Finally the campaign will be focusing on what Cuomo can do as Governor to protect New Yorkers from the policies of Donald Trump. Whether that’s helping the island of Puerto Rico, fighting his immigration policy or standing up for Roe v Wade. Cuomo has been viewed as a moderate for most of his career, but that shifted the last couple of years as his current team began to read the political tea leaves and felt the winds shifting. The job now is to convince voters he is a progressive leader who can actually deliver results. That’s where Maggie comes in. Bill Mulrow will remain as Campaign Chairman ( whatever that means ).
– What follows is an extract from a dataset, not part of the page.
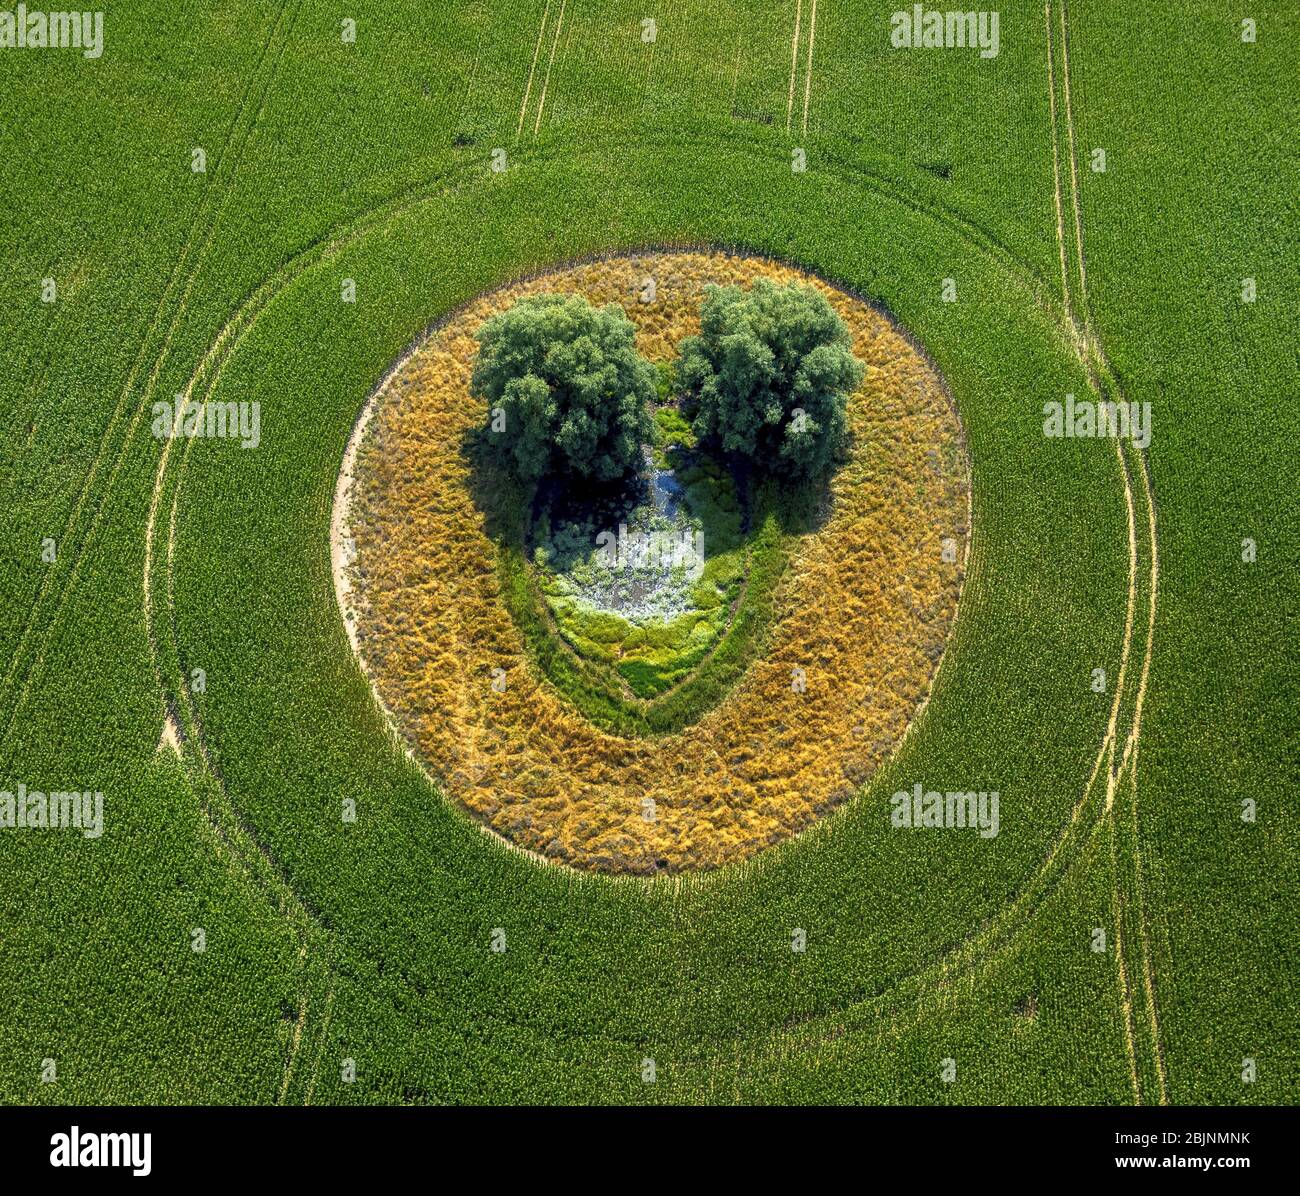 island in a corn field with pond an two trees in Duckow, 24.07.2016, aerial view, Germany, Mecklenburg-Western Pomerania, Duckow Stock Photo
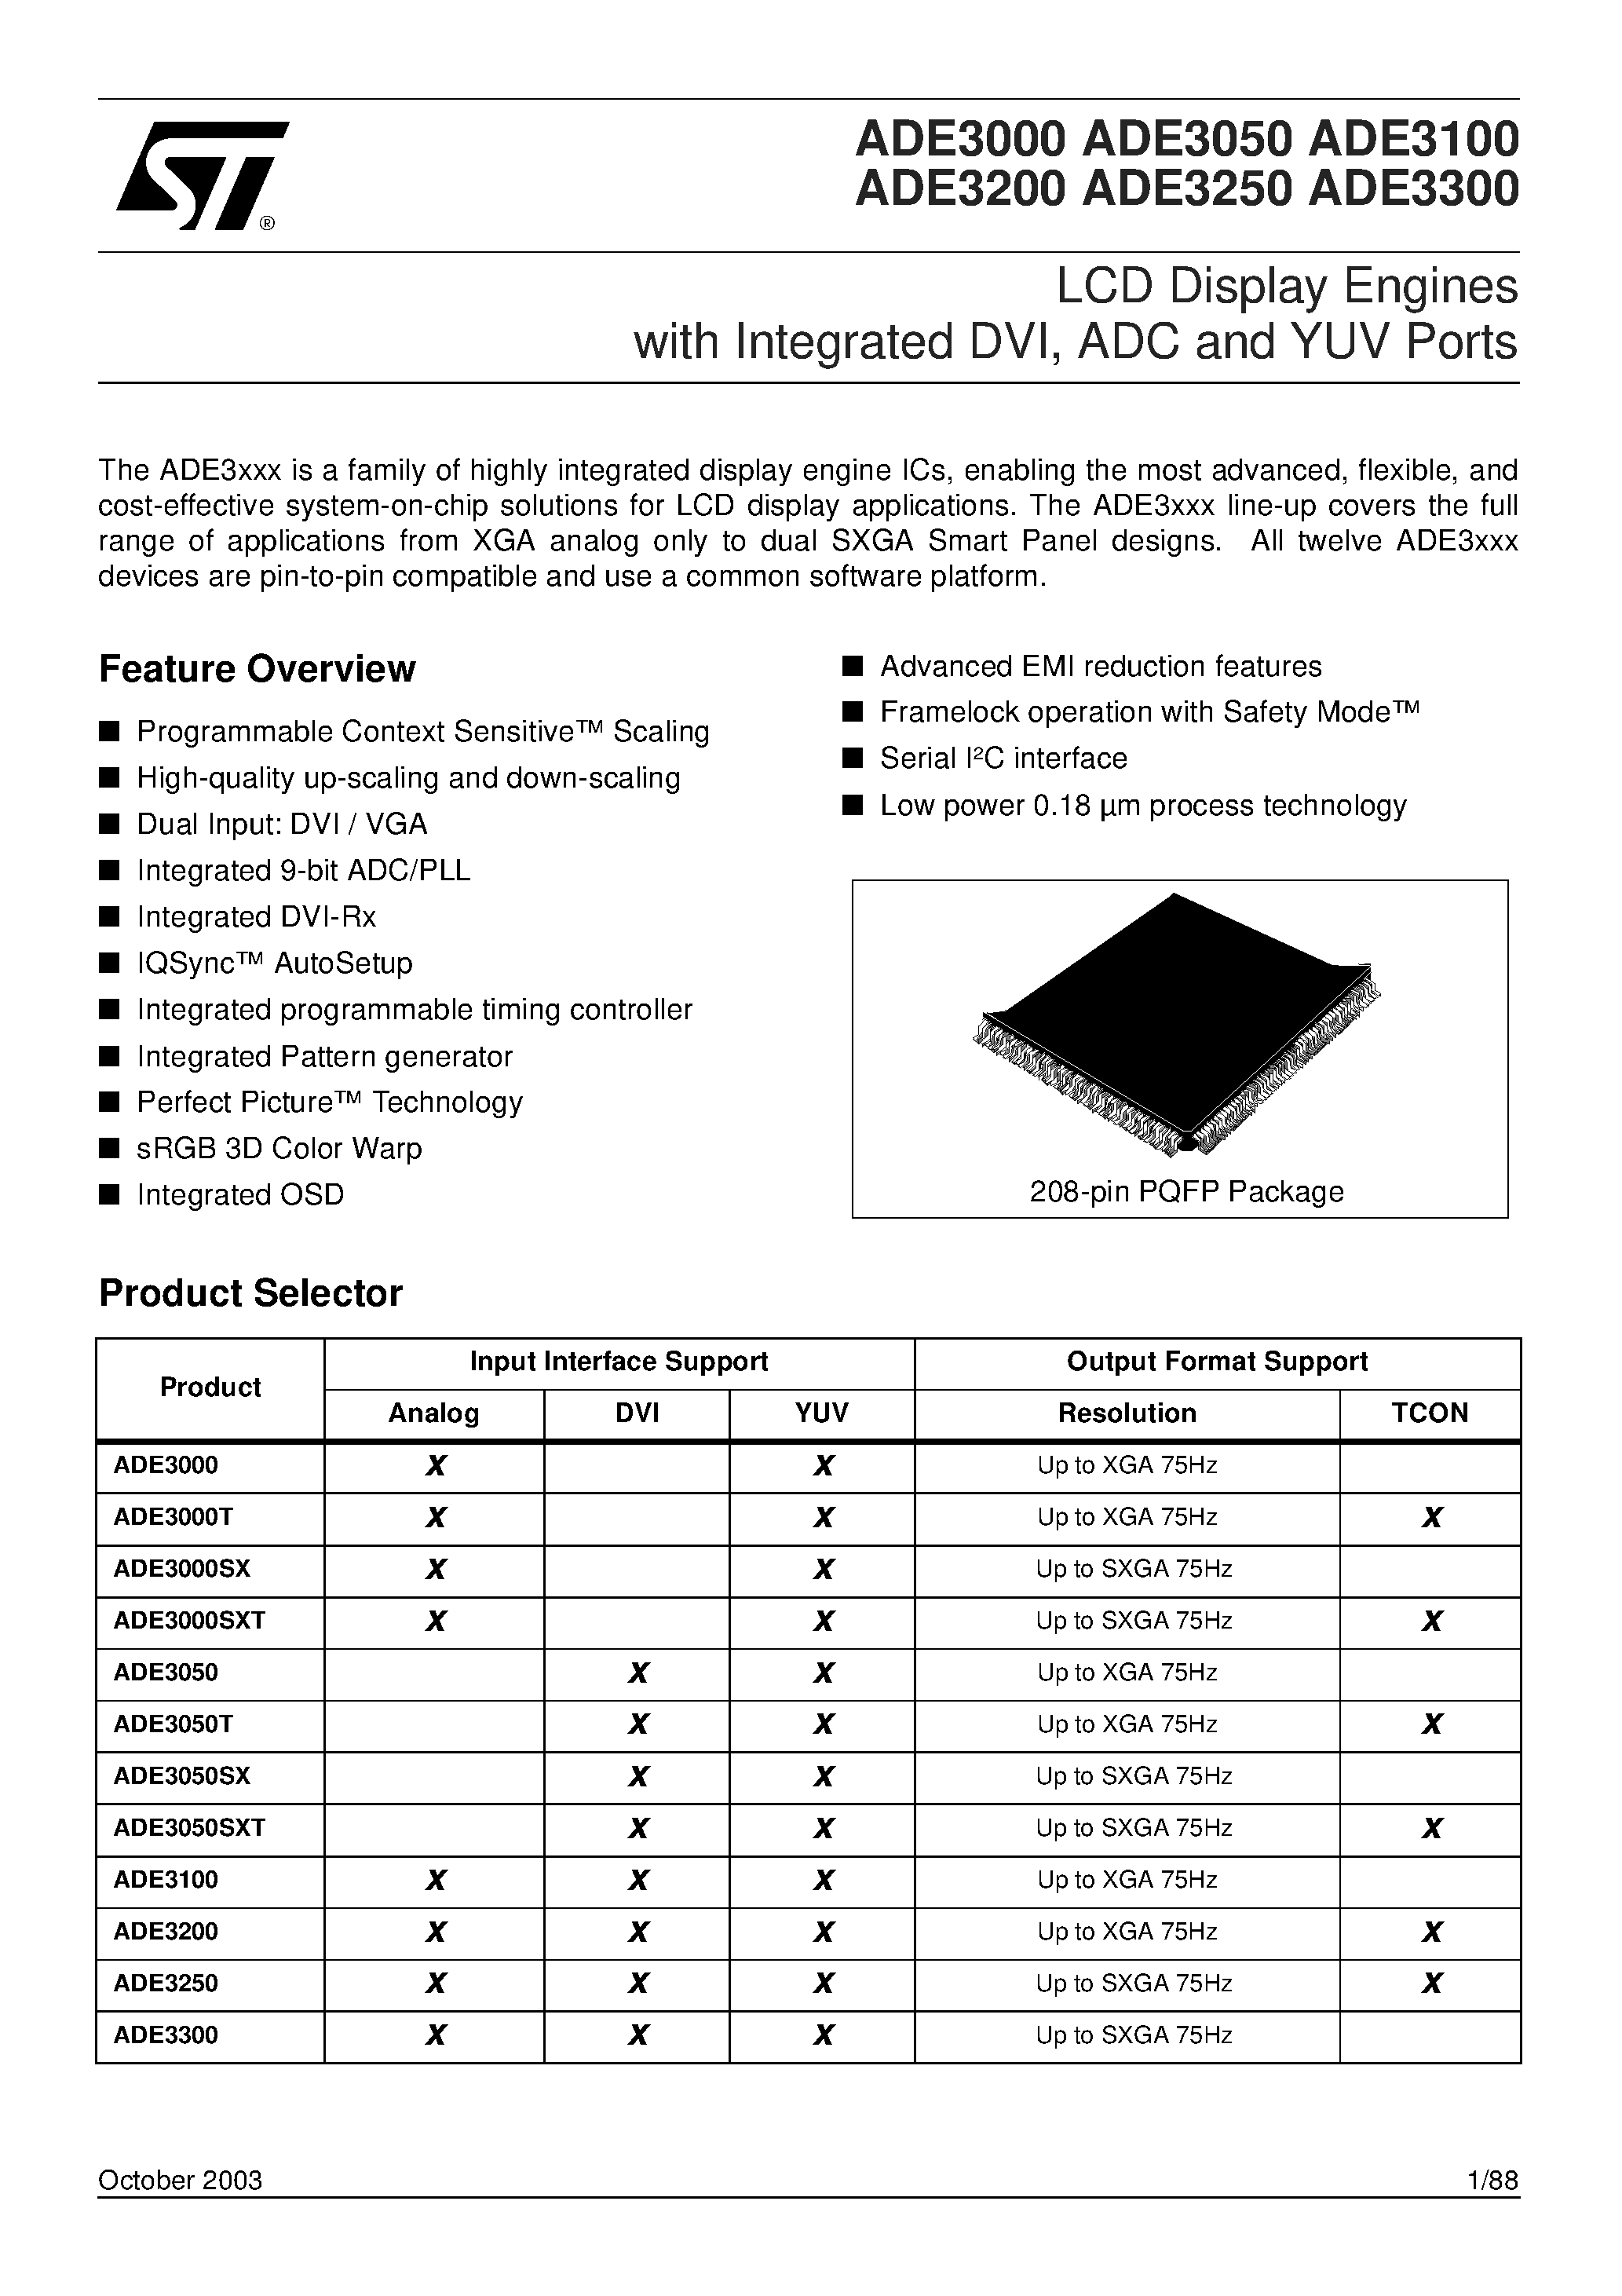 Datasheet ADE3000SXT - LCD Display Engines with Integrated DVI/ ADC and YUV Ports page 1

Dems May Kick Felder Out Of Party

Next week the Democrats will meet for their convention on Long Island where members of the State Committee will pick candidates and award them a spot on the ballot. While it’s widely understood that the incumbents will win these votes, it is not a preordained conclusion until there is an actual vote. But you wouldn’t know that from the script that has already been written out by the NY Dems. According to documents obtained by Spectrum News/NY1, Governor Cuomo and Lieutenant Governor Kathy Hochul WILL be the nominees. Cuomo is being challenged by Cynthia Nixon and has not yet been formally nominated. But not according to this internal document which shows him being announced as the candidate at the convention.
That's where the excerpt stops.